The system — up to 100 athletes can be monitored at one time — works best with team sports such as football, soccer, track, cycling, rowing, or lacrosse. During football practice, the Avida system can record whether a wide receiver has run the correct route. Or if an offensive lineman misses an assignment, the coach has the option of criticizing him in front of his teammates or not.

“Getting chewed out in front of everybody is a waste of time,” Burton says. “With our system, a coach can let the player who messed up know about it, but no one else will hear it. What’s great is that all of the data can be shared with the athlete, so they can review it at home, in a dorm room, or after practice.”
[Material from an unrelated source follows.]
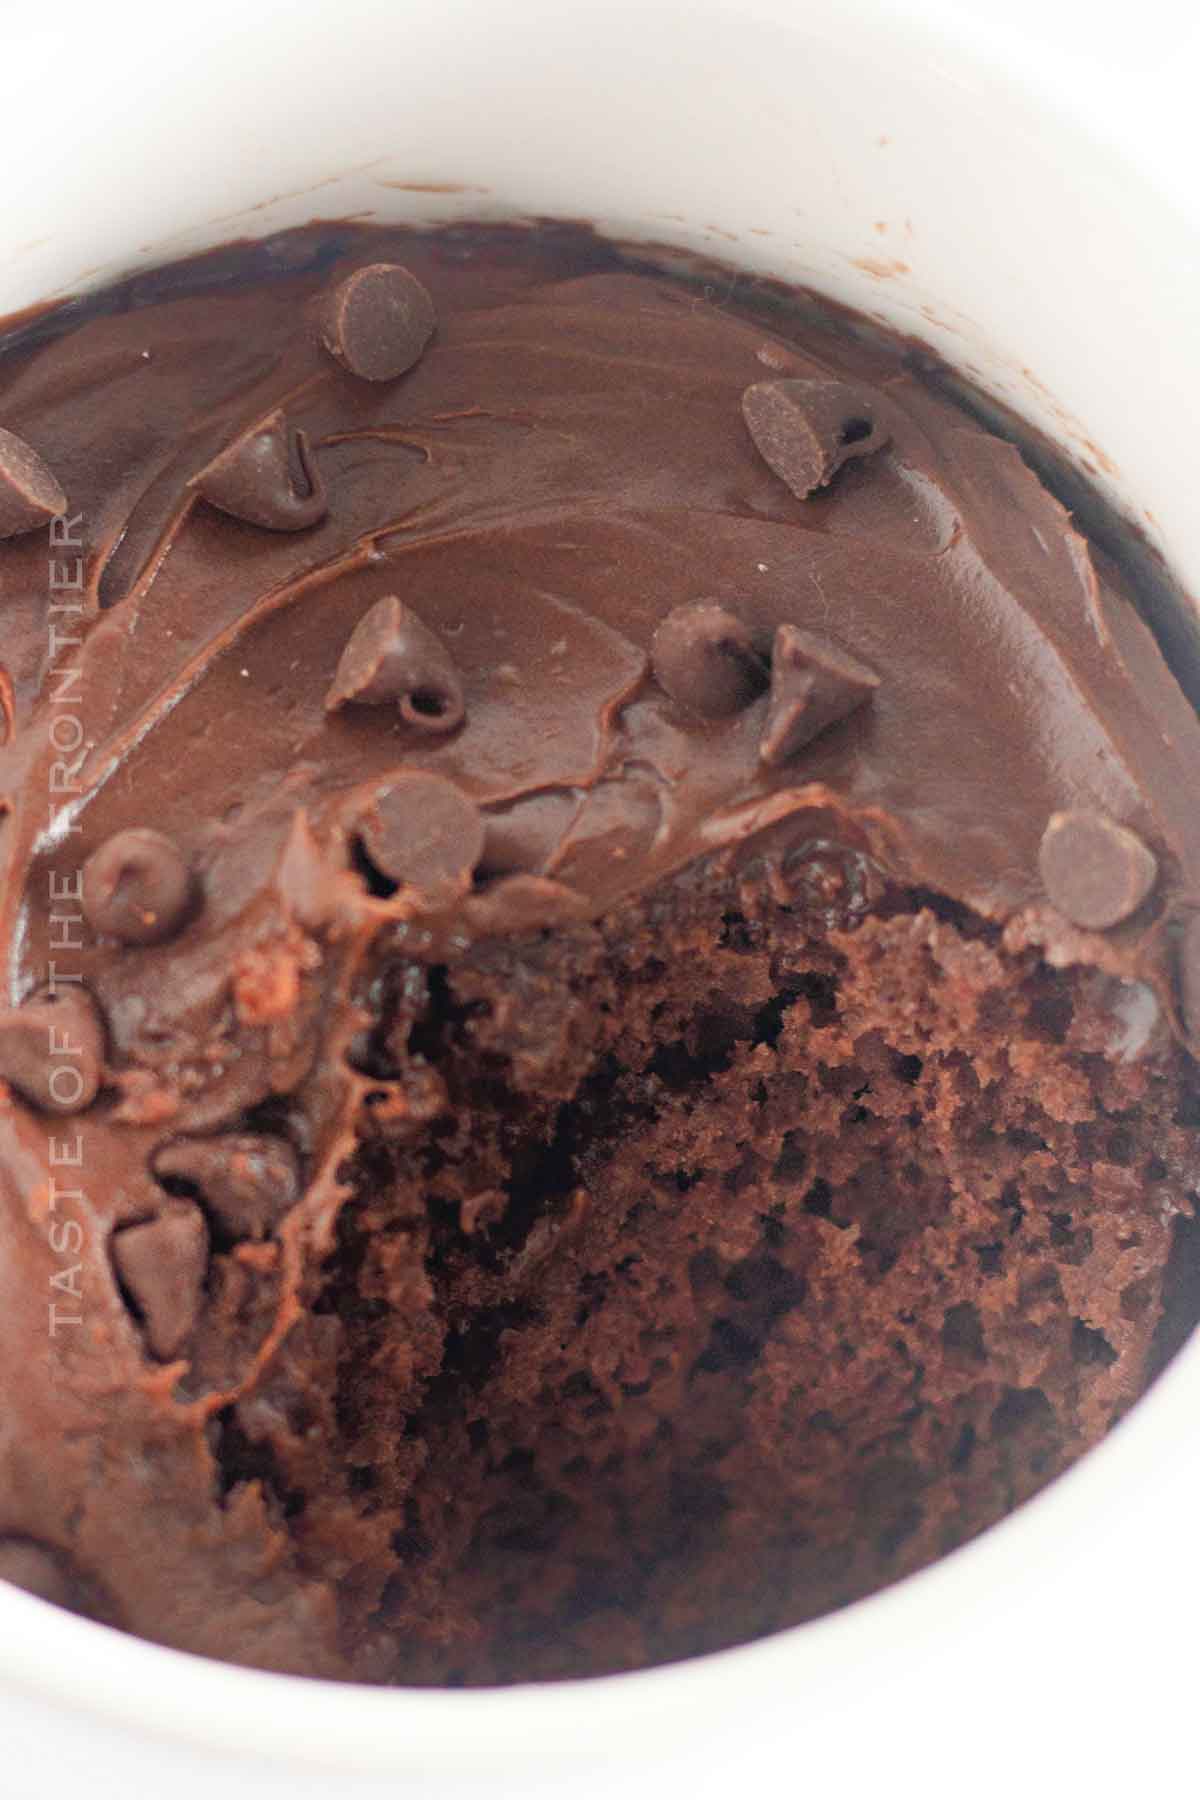 Chocolate chip cake in a mug

It took three years of R&D and a year of engineering before Burton unveiled Avida late last year.

In the near future, Avidasports expects to offer a video system to complement the data sensors. And in the not-too-distant future, plans call for social networking and virtual competitions to be made available. “You may see where an aunt and uncle living in Michigan could watch their niece compete at a swim meet at the University of Texas,” says Scott Hedges, Avida’s vice president of operations.

As it stands, Avida has approached 150 schools, and eight deals are pending. The base price is $15,000 for a team installation. Each package of five data sensors plus a charger is $400, and there’s an annual $72 subscription fee for each user. The batteries powering the sensors last about four hours.

Burton says he expects revenue of between $5 million and $10 million next year. Within five years, he projects the company will generate up to $100 million in sales.

That’s a better track record than that of his first company, Burtek, a defense supplier he started with $3,000 in 1987. When he sold it 20 years later, Burtek had 425 employees and revenue of $100 million.

“I think Michigan is like the auto industry in the early 1900s,” Burton says. “We have an abundance of natural resources, great manufacturing talent, and our wages and real estate are very competitively priced. There couldn’t be a better time to start a business.”